- Founded: 2008
- Founder: Dave Stapleton, Tim Dickeson
- Genre: Jazz, Electronic, Ambient, classical
- Country of origin: UK
- Official website: editionrecords.com

= Edition Records =

Cardiff-based independent record label

Edition Records is an independent record label that was founded in 2008 by pianist Dave Stapleton and photographer Tim Dickeson.

==Background==
In 2008, pianist and composer Dave Stapleton and photographer Tim Dickeson started Edition Records as a label for jazz and improvised music. In 2013 the label began the Edition Classics series to focus on chamber music by international ensembles and soloists. The label is distributed in the UK by The Orchard.

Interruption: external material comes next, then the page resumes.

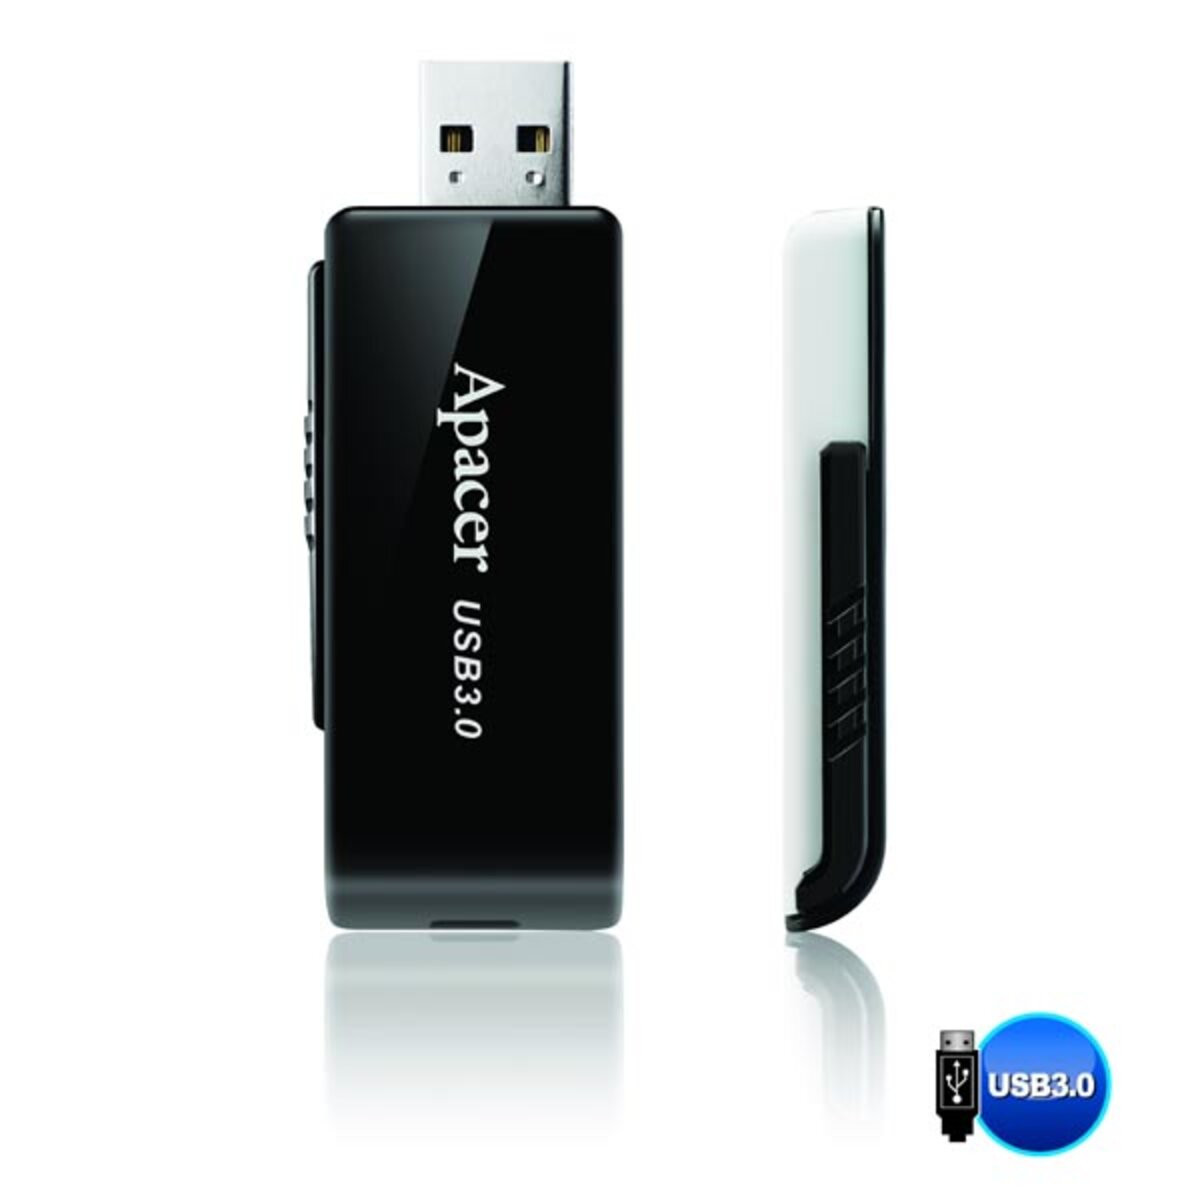 Flash Apacer USB 3.1 AH350 32Gb black - 4

Edition has released albums by Ant Law, Josh Arcoleo, Julian Argüelles, The Bad Plus, Tom Barford, Blue-Eyed Hawk, Jeff Ballard, Denys Baptiste, Bourne/Davis/Kane, Cellophony, Curios, Dinosaur, Eyolf Dale, Danish Radio Big Band, Kit Downes, Geoff Eales, Anton Eger, Kurt Elling, Enemy (band), André Fernandes, Kevin Figes, Martin France, Elliot Galvin, Paula Gardiner, Tim Garland, Girls In Airports, Thomas Gould, Jim Hart, Kevin Hays, Pablo Held, Daniel Herskedal, Jasper Høiby, Gary Husband, Per Oddvar Johansen, Laura Jurd, Kairos 4Tet, Mika Kallio, Dave Kane, Kneebody, Nicolas Kummert, Mário Laginha, Helge Lien, Mark Lockheart, Olavi Louhivuori, Lionel Loueke, Rob Luft, Malija, Stuart McCallum, McCormack & Yarde Duo, Fergus McCreadie, Robert Mitchell's Panacea, Misha Mullov-Abbado, Ivo Neame, Neon Quartet, Marius Neset, Helge Norbakken, Oddarrang, Gretchen Parlato, Phronesis, Verneri Pohjola, Tineke Postma, Chris Potter, Jason Rebello, Aki Rissanen, André Roligheten, Roller Trio, Roger Sayer, Morten Schantz, Slowly Rolling Camera, Snowpoet, Spin Marvel, Dave Stapleton, John Taylor, Keith Tippett Tapestry Orchestra, Troyka, Alexi Tuomarila, Ben Wendel, Kenny Wheeler, Norma Winstone, and Neil Yates.

==Festivals==
The first Edition Records Festival was held at London's Kings Place in September 2011. Further festivals were held in 2012 and 2013. At the 2013 festival, Edition started its classical label Edition Classics. The first release on this label was Vibrez by Cellophony, an octet of eight cellists.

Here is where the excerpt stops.